__Supplied information__
+===+

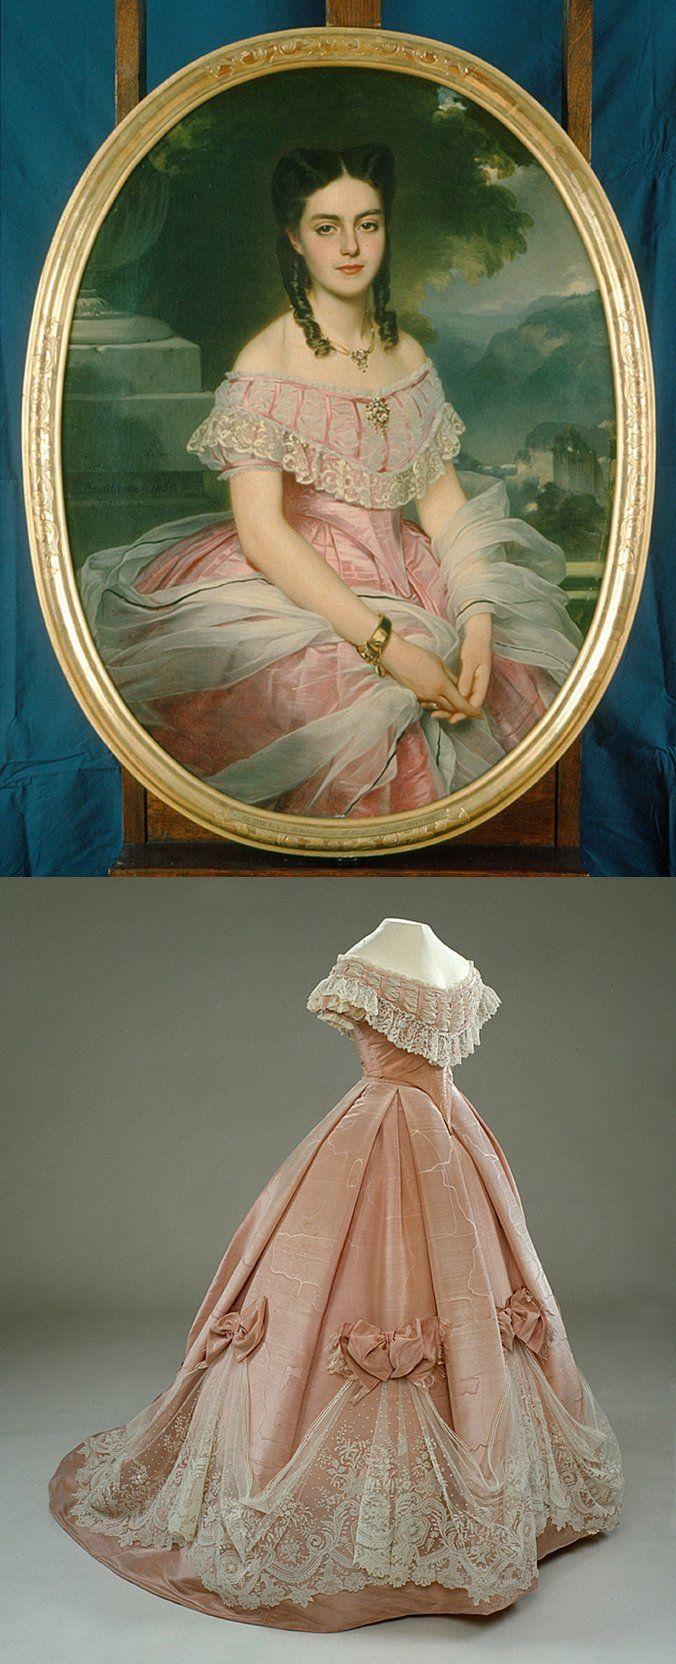 手机壳定制childrens shoe stores montreal Portrait of Countess Anna von Hallwyl    by Boutibonne Dress    by W W Ullberg amp Comp  See comments below for links to portrait and dress
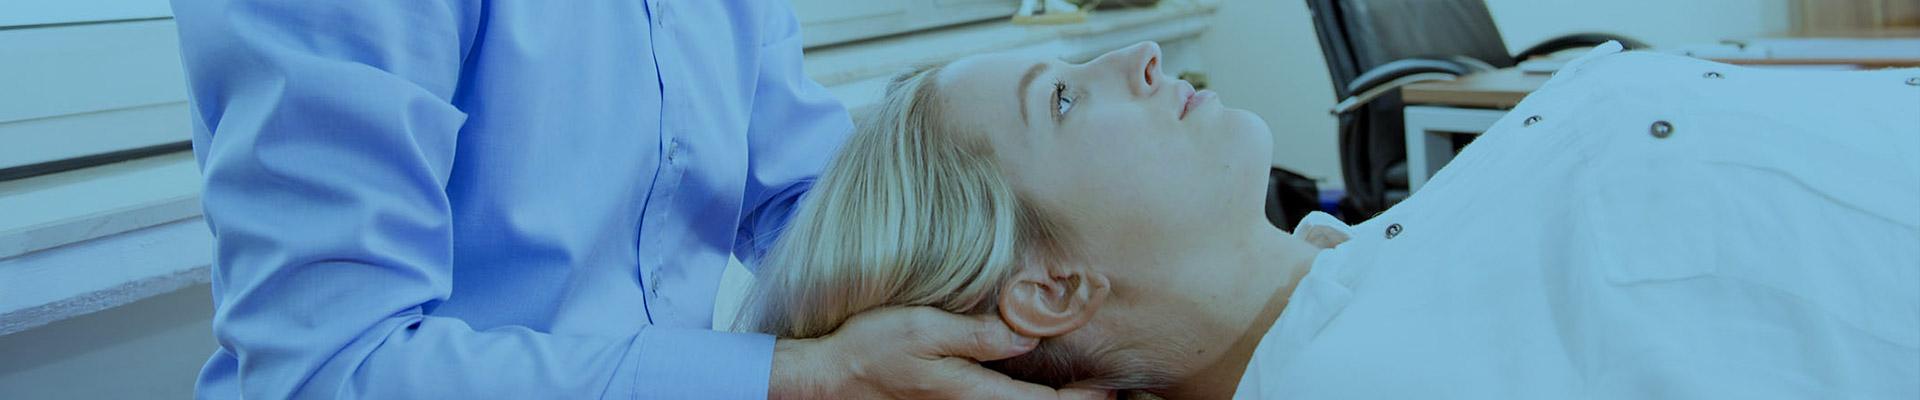 Osteopathie Georgsmarienhütte
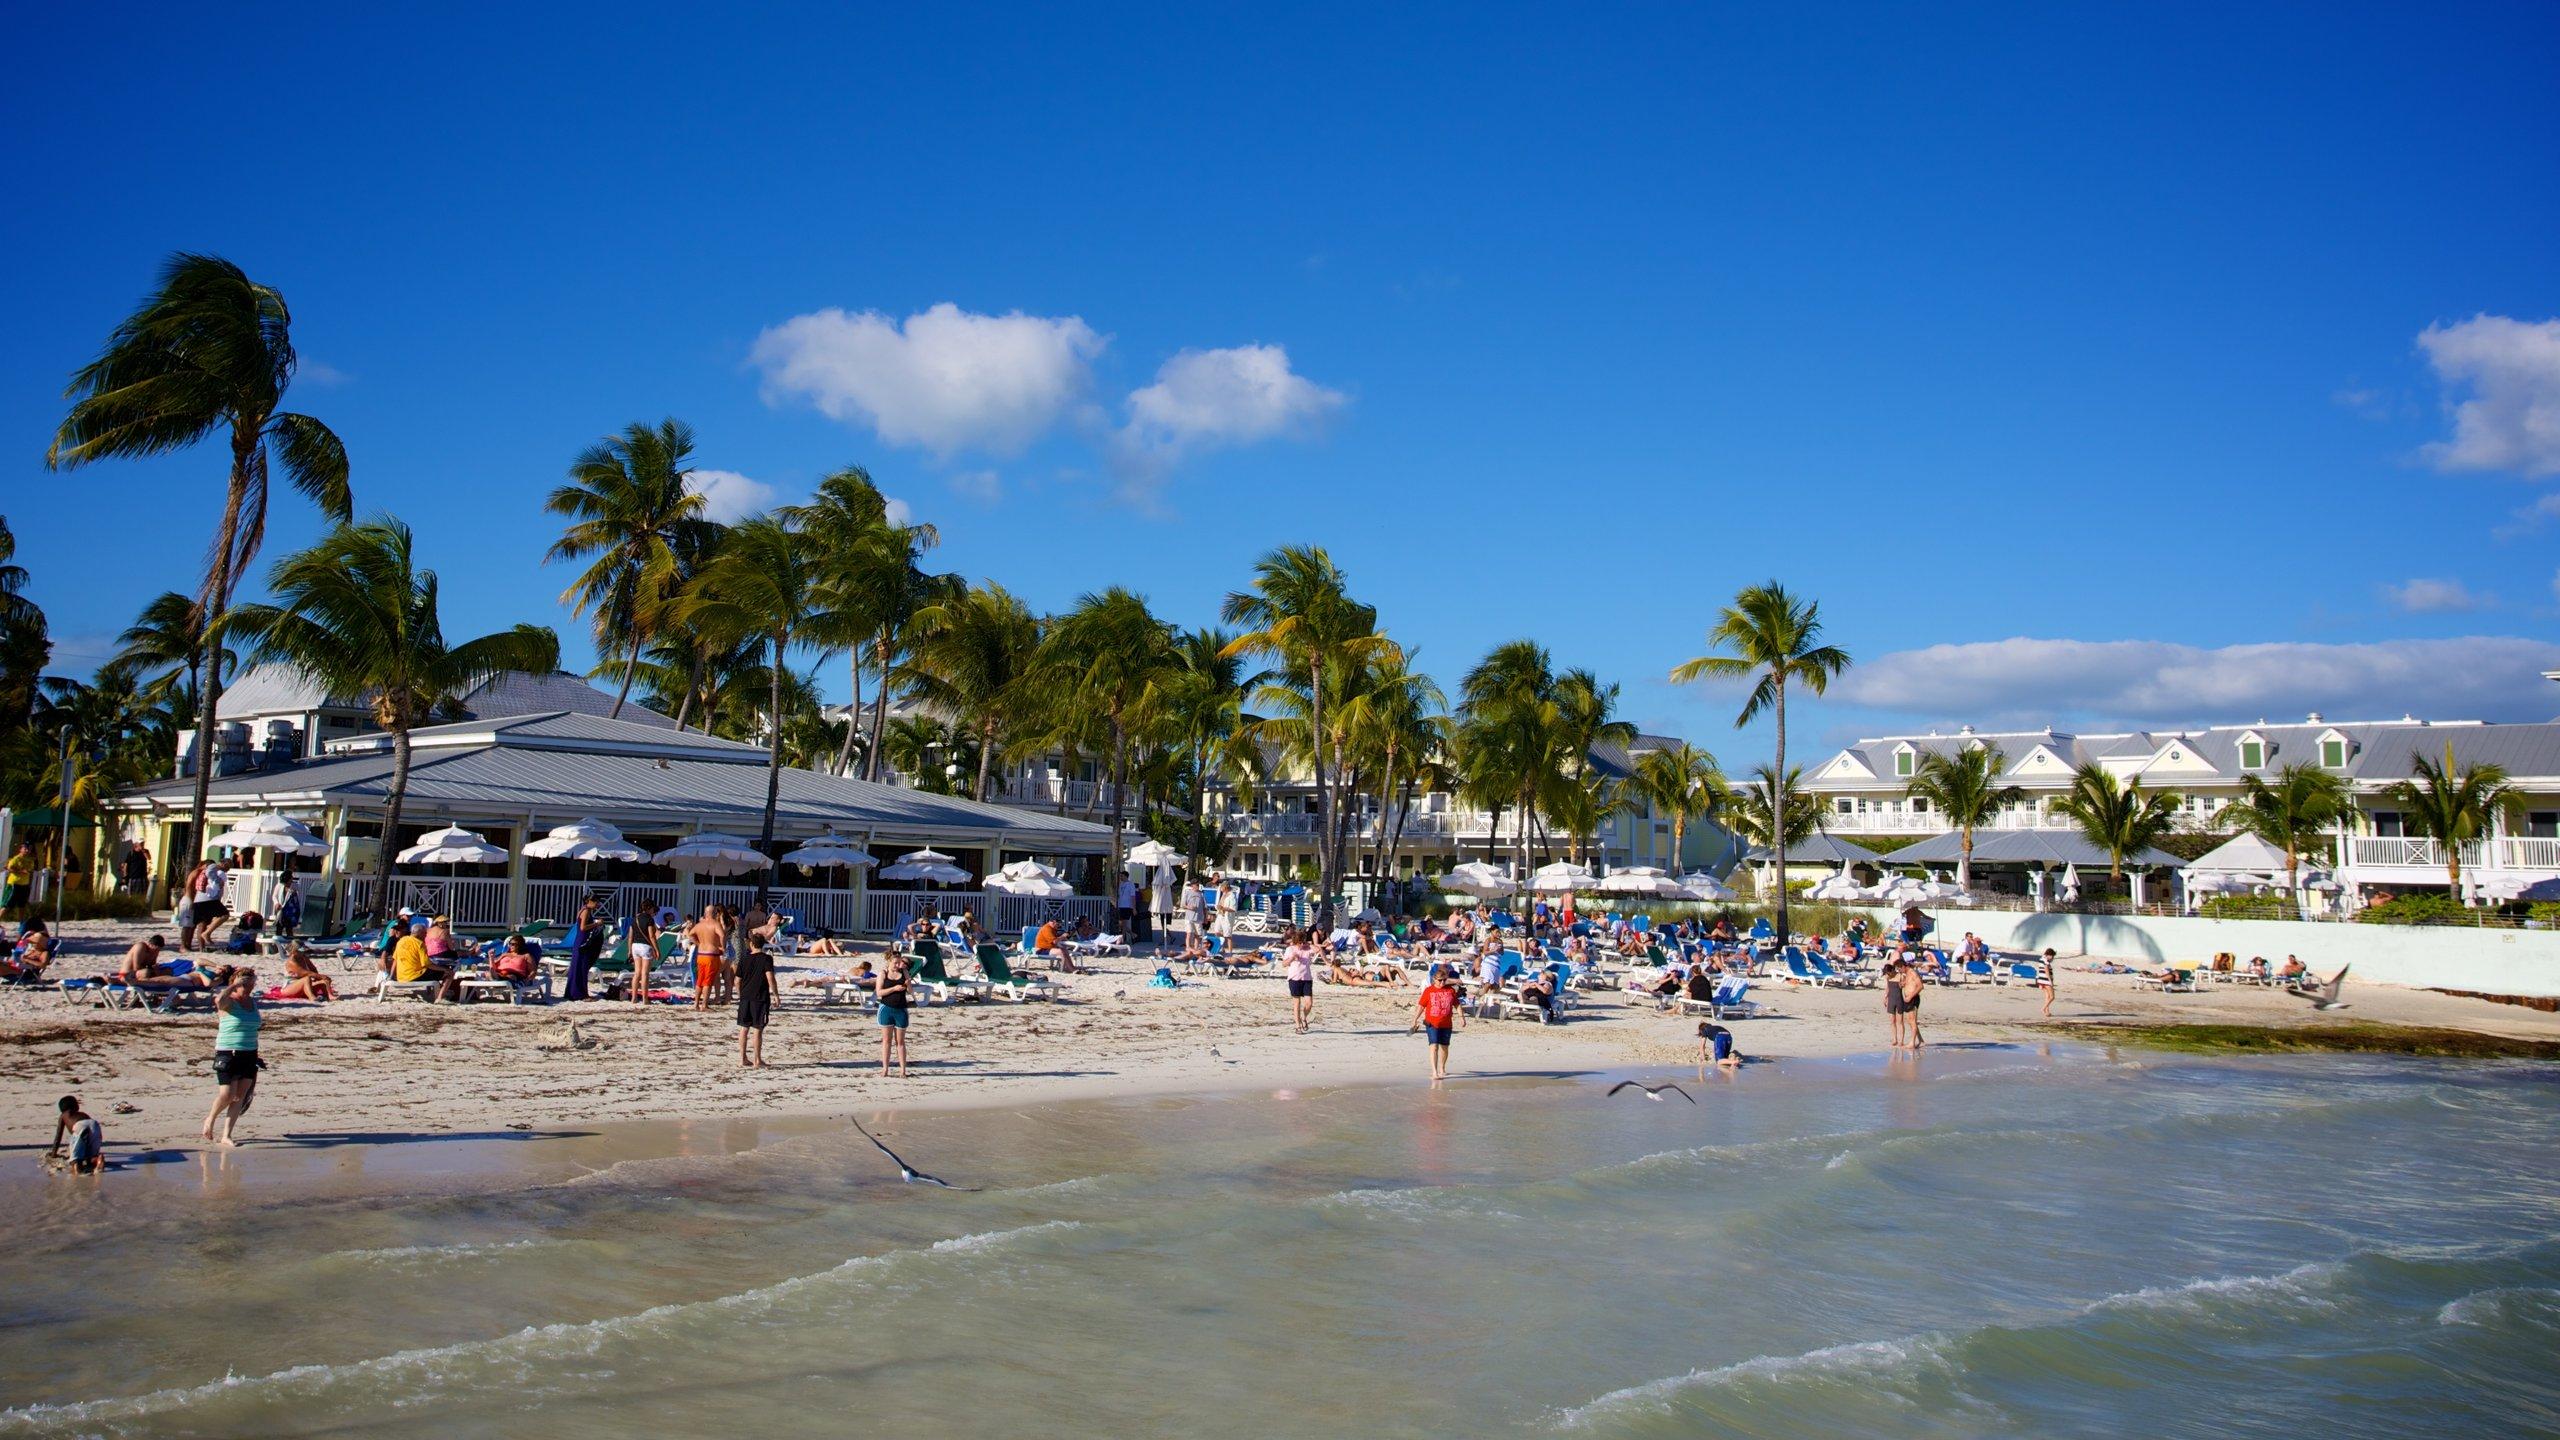 Florida Keys Beaches, Key West, Florida, United States of America

+===+

__Activity__
Print every line above exactly as given, but not the pictures.

__Output of the exercise__
 手机壳定制childrens shoe stores montreal Portrait of Countess Anna von Hallwyl    by Boutibonne Dress    by W W Ullberg amp Comp  See comments below for links to portrait and dress
 Osteopathie Georgsmarienhütte
 Florida Keys Beaches, Key West, Florida, United States of America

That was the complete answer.